Lana Turner, the sweater girl-turned-glamorous star whose career was overshadowed by her many marriages and the killing of a gangster boyfriend by her daughter, has died at 75.
Turner, who disclosed in May 1992 that she had been treated for throat cancer, died Thursday at her Century City home with her daughter, Cheryl Crane, at her side, said police Officer Sonia Monaco."She was doing fine. This was a total shock," Crane told Daily Variety columnist Army Archerd. "She'd completed seven weeks of radiation a short while ago, and it looked like she was fine. She just took a breath and she was gone."
The actress remained a star from the 1940s until the mid-1960s, winning an Academy Award nomination as best actress for "Peyton Place" in 1957 after she left her longtime studio, MGM.
Over the years, she appeared opposite the screen's top leading men in such films as "Johnny Eager" (Robert Taylor), "Honky Tonk" (Clark Gable), "The Postman Always Rings Twice" (John Garfield), "The Bad and the Beautiful" (Kirk Douglas), "The Sea Chase" (John Wayne) and "Cass Timberlane" (Spencer Tracy).
"She was not just beautiful in form, she was beautiful in heart," said veteran comedian Milton Berle, a friend of Turner's. "Lana was a very good, good and fine actress, besides being a glamour girl. She was fun. . . . I for one, with many, many millions, are really going to miss her."
Turner's entrance into movies became part of Hollywood lore. She was discovered at a soda fountain when she was a teenage schoolgirl - though not, as legend had it, at Schwab's drug store.
Her early film appearances earned her the nickname "the Sweater Girl" and a pinup place in many a soldier's locker.
Her love life made even more headlines than her acting career. Turner was married seven times and had many well-publicized romances with such figures as Howard Hughes, Tyrone Power and Fernando Lamas.
One of her love affairs ended in abuse and sensational headlines when hoodlum Johnny Stompanato was killed. He was hitting Turner in her Beverly Hills bedroom on April 5, 1958, when Crane, then 15, rushed in and fatally stabbed him with a carving knife.
The killing was ruled a justifiable homicide on the grounds that the girl believed her mother was in danger.
Julia Jean Mildred Frances Turner was born on Feb. 8, 1920, in Wallace, Idaho. Her father died when she was young, the victim of a robbery-murder.
After living for a time in San Francisco, Turner and her mother moved to Los Angeles in 1936, and the girl enrolled at Hollywood High School. One day she cut her typing class to run across the street to the malt shop. There she had the fateful meeting with William R. Wilkerson, publisher of the trade paper Hollywood Reporter.
"Would you like to be in the movies?" Wilkerson asked.
"I don't know, I'll have to ask my mother," she replied.
The influential Wilkerson called director Mervyn LeRoy, who cast her in "They Won't Forget" as a sensuous Southern girl whose murder leads to a lynching.
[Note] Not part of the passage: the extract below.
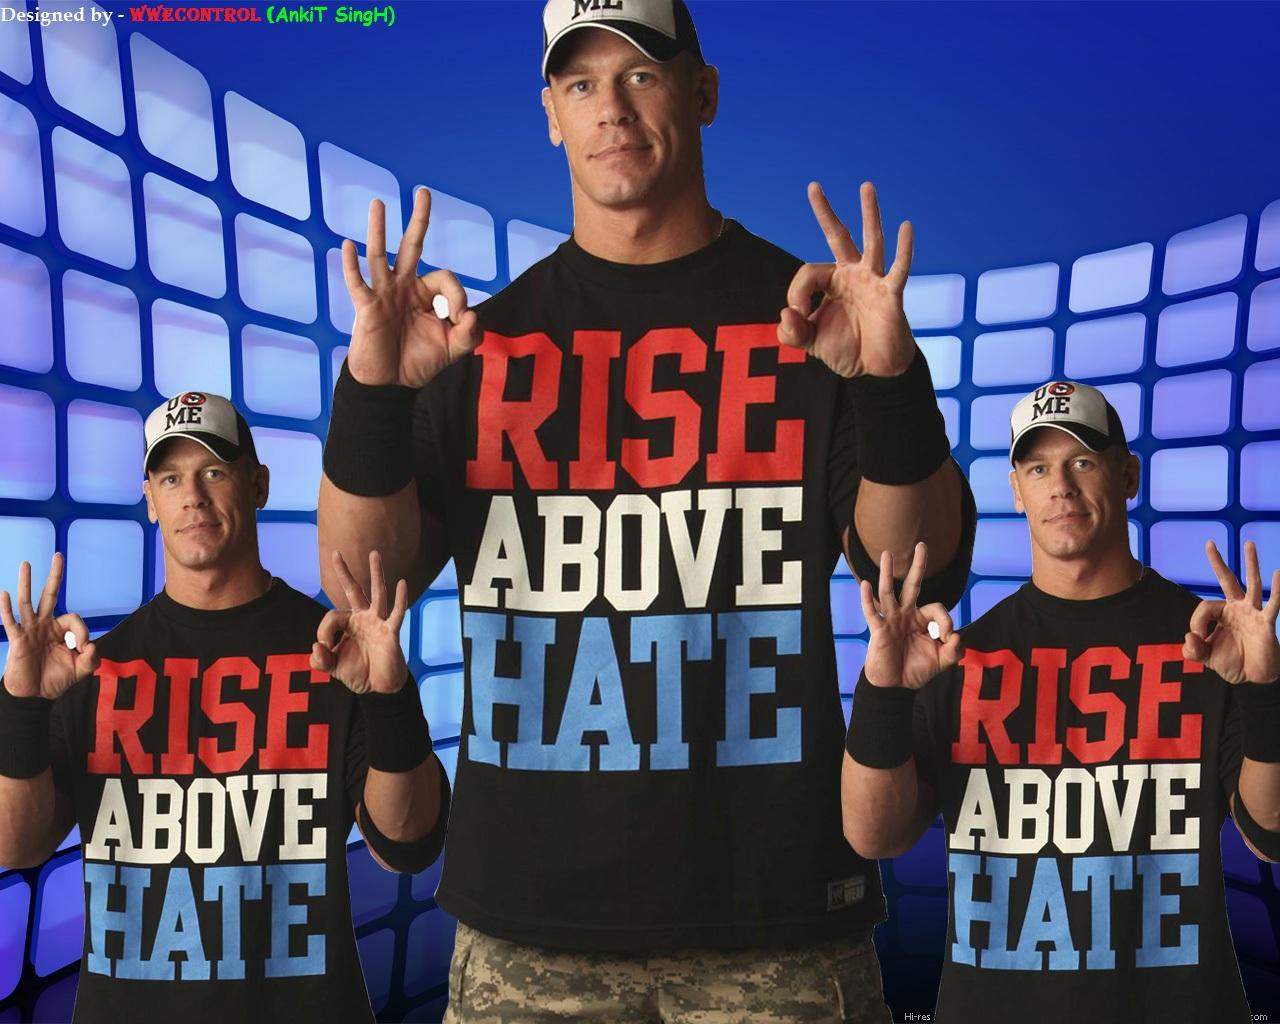 mashababko: Rise Above Hate Wallpaper Hd  mashababko: Ris...

When Lana (newly named by LeRoy) walked down the town street in a tight sweater, her fortune was made.
She was signed to a contract at MGM, where she played Mickey Rooney's sweetheart in "Love Finds Andy Hardy" and other relatively minor roles. Her string of big movies began in 1941 with "Ziegfeld Girl," "Dr. Jekyll and Mr. Hyde" and "Honky Tonk."